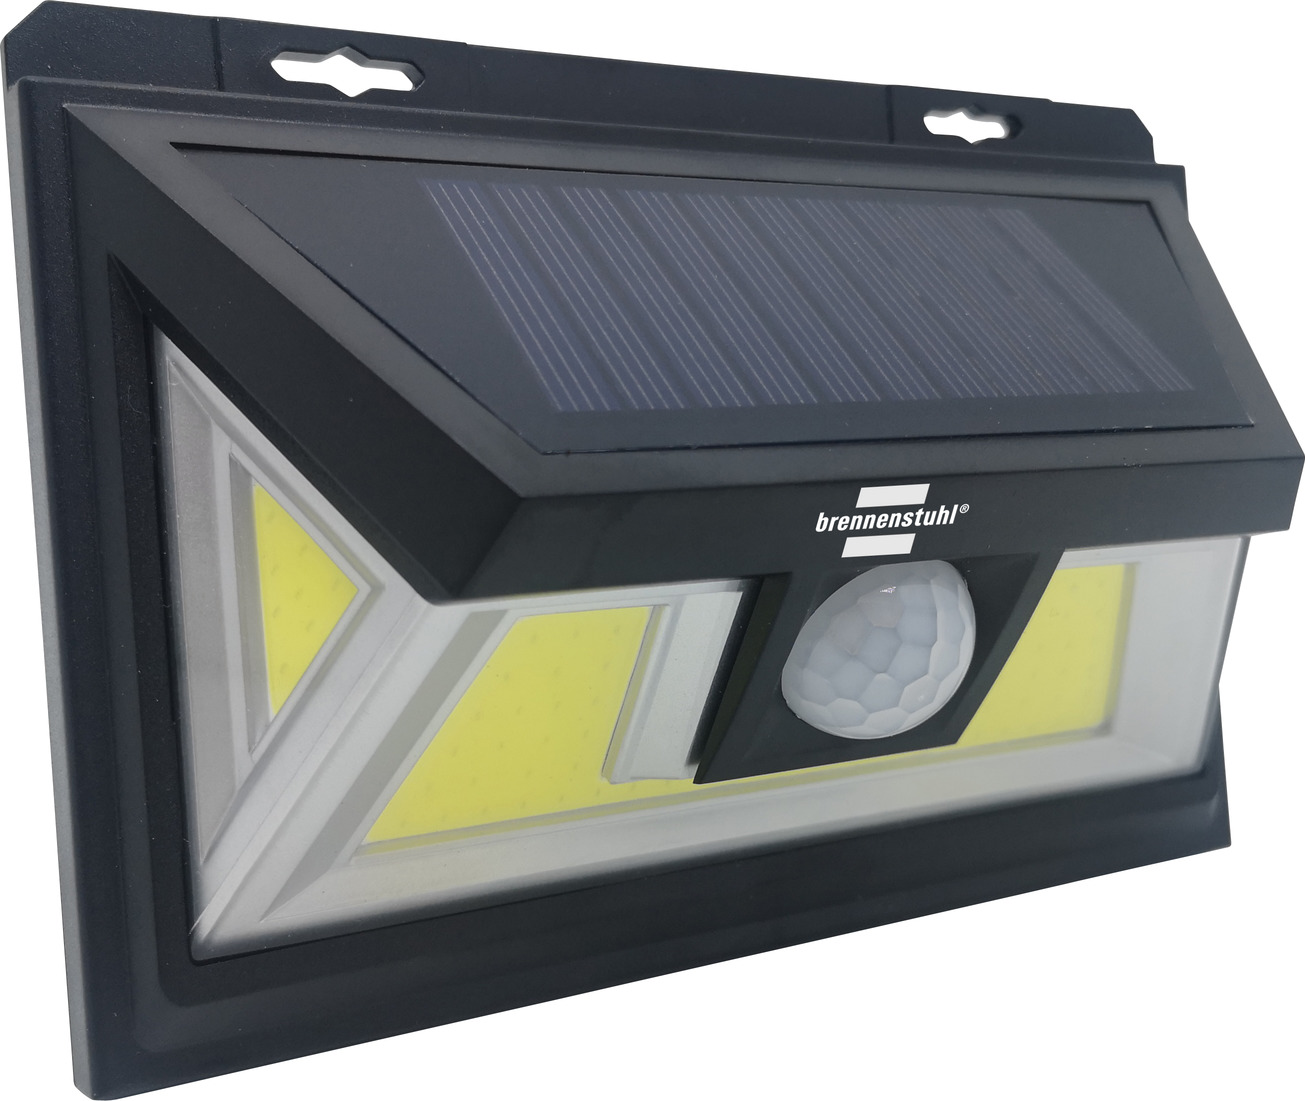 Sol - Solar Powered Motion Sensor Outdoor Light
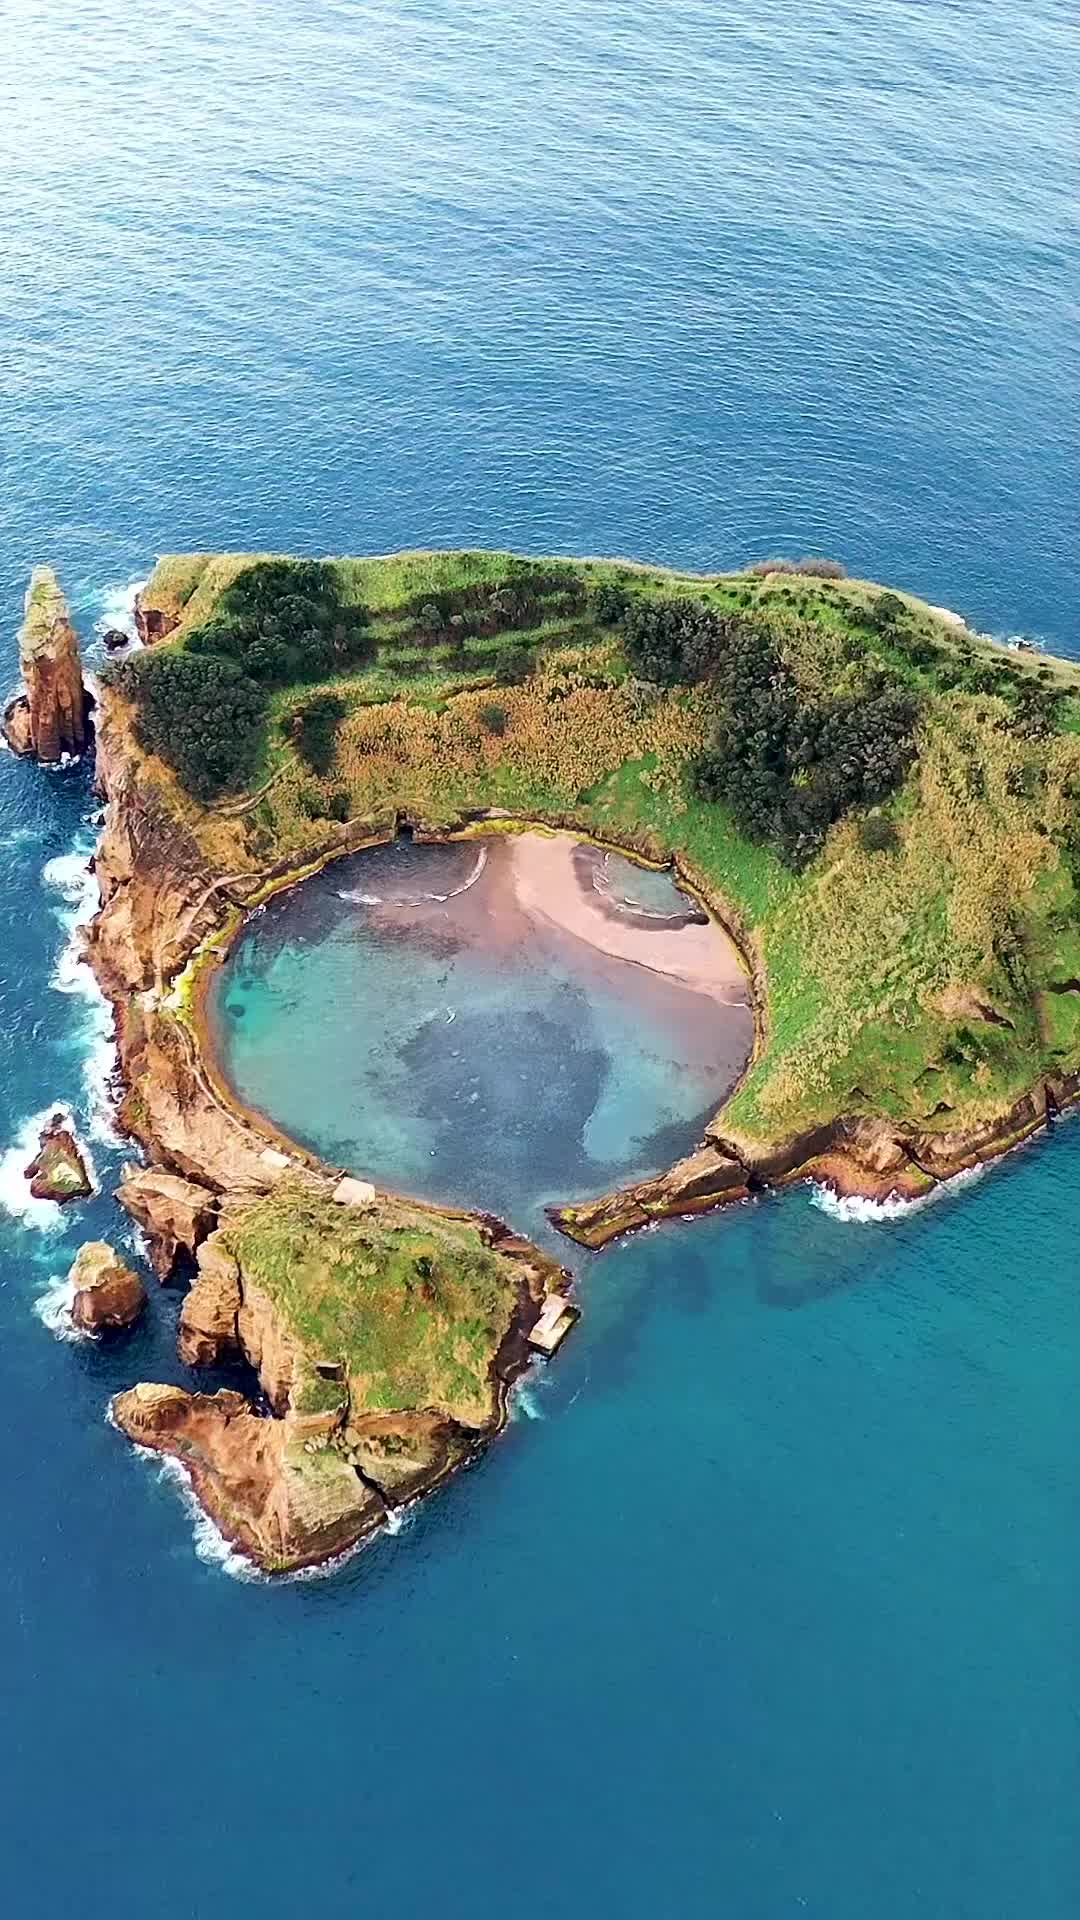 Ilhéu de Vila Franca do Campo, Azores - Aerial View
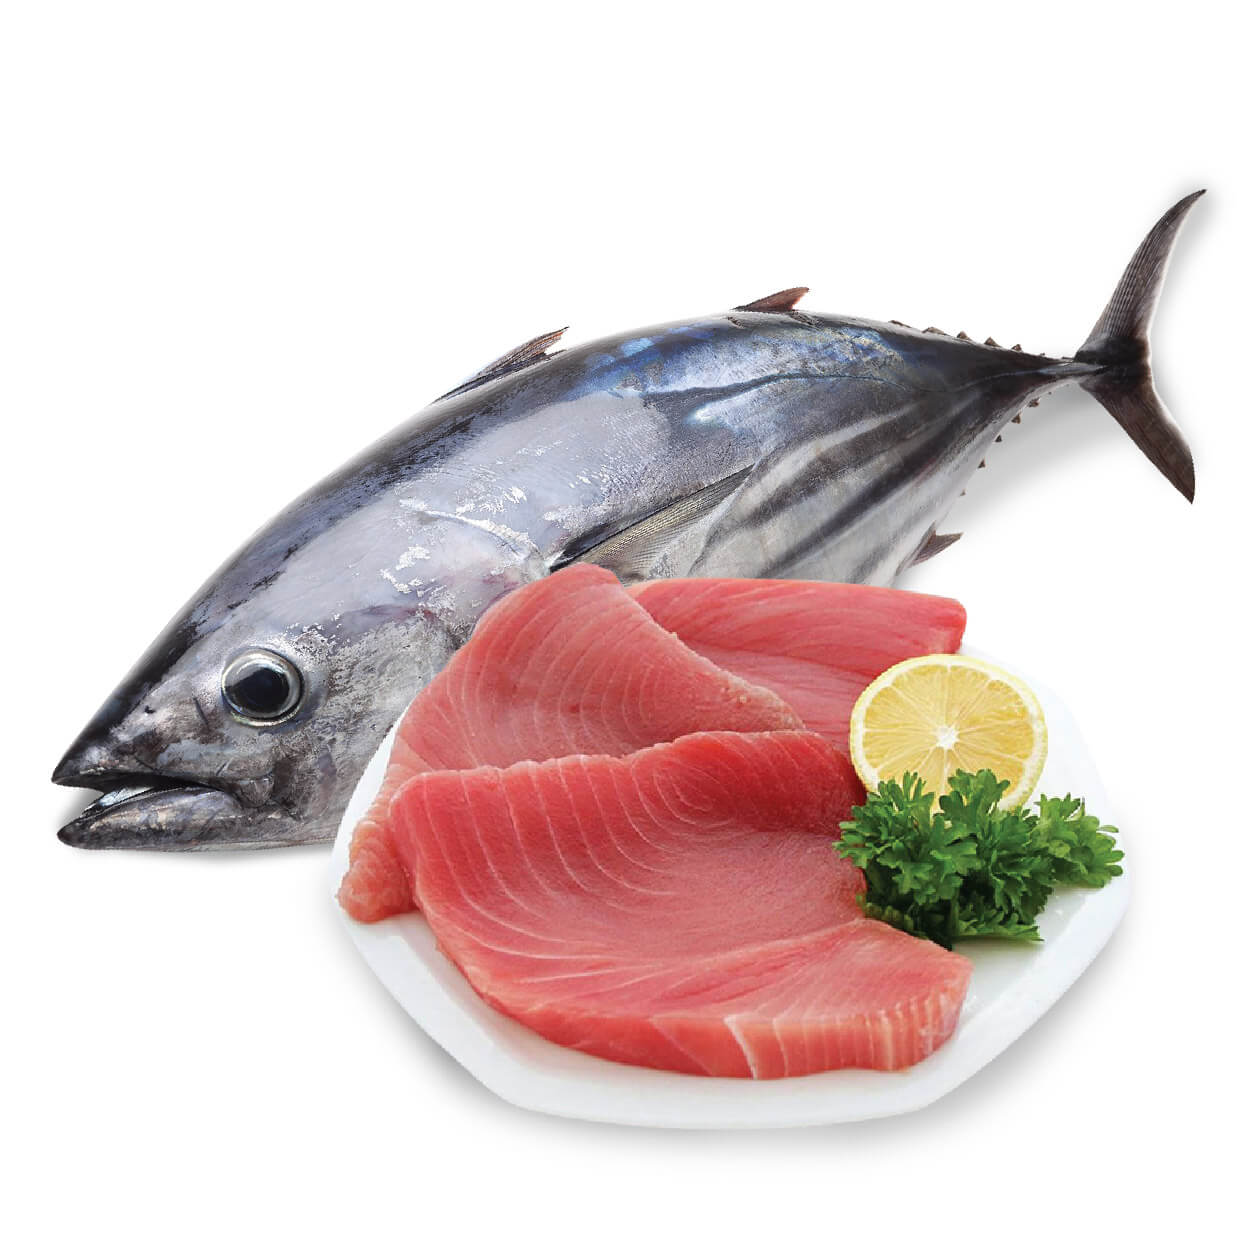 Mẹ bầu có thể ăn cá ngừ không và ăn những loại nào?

· · · · ·

# WORK REQUIRED
Return the complete material exactly as it appears, without images.

# WRITTEN ANSWER
 Sol - Solar Powered Motion Sensor Outdoor Light
 Ilhéu de Vila Franca do Campo, Azores - Aerial View
 Mẹ bầu có thể ăn cá ngừ không và ăn những loại nào?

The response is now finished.